[Input data Boundary: Start]

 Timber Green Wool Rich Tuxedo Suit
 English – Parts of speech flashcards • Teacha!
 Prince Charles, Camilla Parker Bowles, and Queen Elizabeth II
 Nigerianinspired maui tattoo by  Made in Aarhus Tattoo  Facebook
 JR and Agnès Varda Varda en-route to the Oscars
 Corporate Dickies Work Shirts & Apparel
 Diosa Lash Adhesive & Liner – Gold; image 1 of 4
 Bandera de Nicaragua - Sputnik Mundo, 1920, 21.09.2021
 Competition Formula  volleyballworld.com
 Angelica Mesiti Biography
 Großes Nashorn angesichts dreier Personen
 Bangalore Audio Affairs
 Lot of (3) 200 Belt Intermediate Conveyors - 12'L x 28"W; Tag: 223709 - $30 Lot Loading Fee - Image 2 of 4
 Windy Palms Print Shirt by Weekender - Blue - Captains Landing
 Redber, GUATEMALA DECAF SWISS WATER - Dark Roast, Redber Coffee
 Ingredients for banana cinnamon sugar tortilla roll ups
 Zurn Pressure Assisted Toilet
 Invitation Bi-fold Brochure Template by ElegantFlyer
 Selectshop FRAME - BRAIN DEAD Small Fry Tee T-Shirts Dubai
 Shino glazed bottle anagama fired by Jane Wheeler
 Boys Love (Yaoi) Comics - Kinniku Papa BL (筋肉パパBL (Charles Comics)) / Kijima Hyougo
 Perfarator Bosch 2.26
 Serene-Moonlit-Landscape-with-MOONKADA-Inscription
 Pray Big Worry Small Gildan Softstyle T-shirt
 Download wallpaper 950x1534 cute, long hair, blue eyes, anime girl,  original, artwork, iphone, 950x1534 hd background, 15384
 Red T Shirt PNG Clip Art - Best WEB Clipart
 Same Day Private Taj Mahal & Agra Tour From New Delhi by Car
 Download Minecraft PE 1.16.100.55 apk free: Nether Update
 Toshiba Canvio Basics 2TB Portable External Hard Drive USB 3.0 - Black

[Input data Boundary: End]

### Exercise objective
If a line comes after the one that contains "Corporate Dickies Work Shirts & Apparel", leave it out; return every line of the entries up to that point exactly, starting with the first, with that line included.

### Response
 Timber Green Wool Rich Tuxedo Suit
 English – Parts of speech flashcards • Teacha!
 Prince Charles, Camilla Parker Bowles, and Queen Elizabeth II
 Nigerianinspired maui tattoo by  Made in Aarhus Tattoo  Facebook
 JR and Agnès Varda Varda en-route to the Oscars
 Corporate Dickies Work Shirts & Apparel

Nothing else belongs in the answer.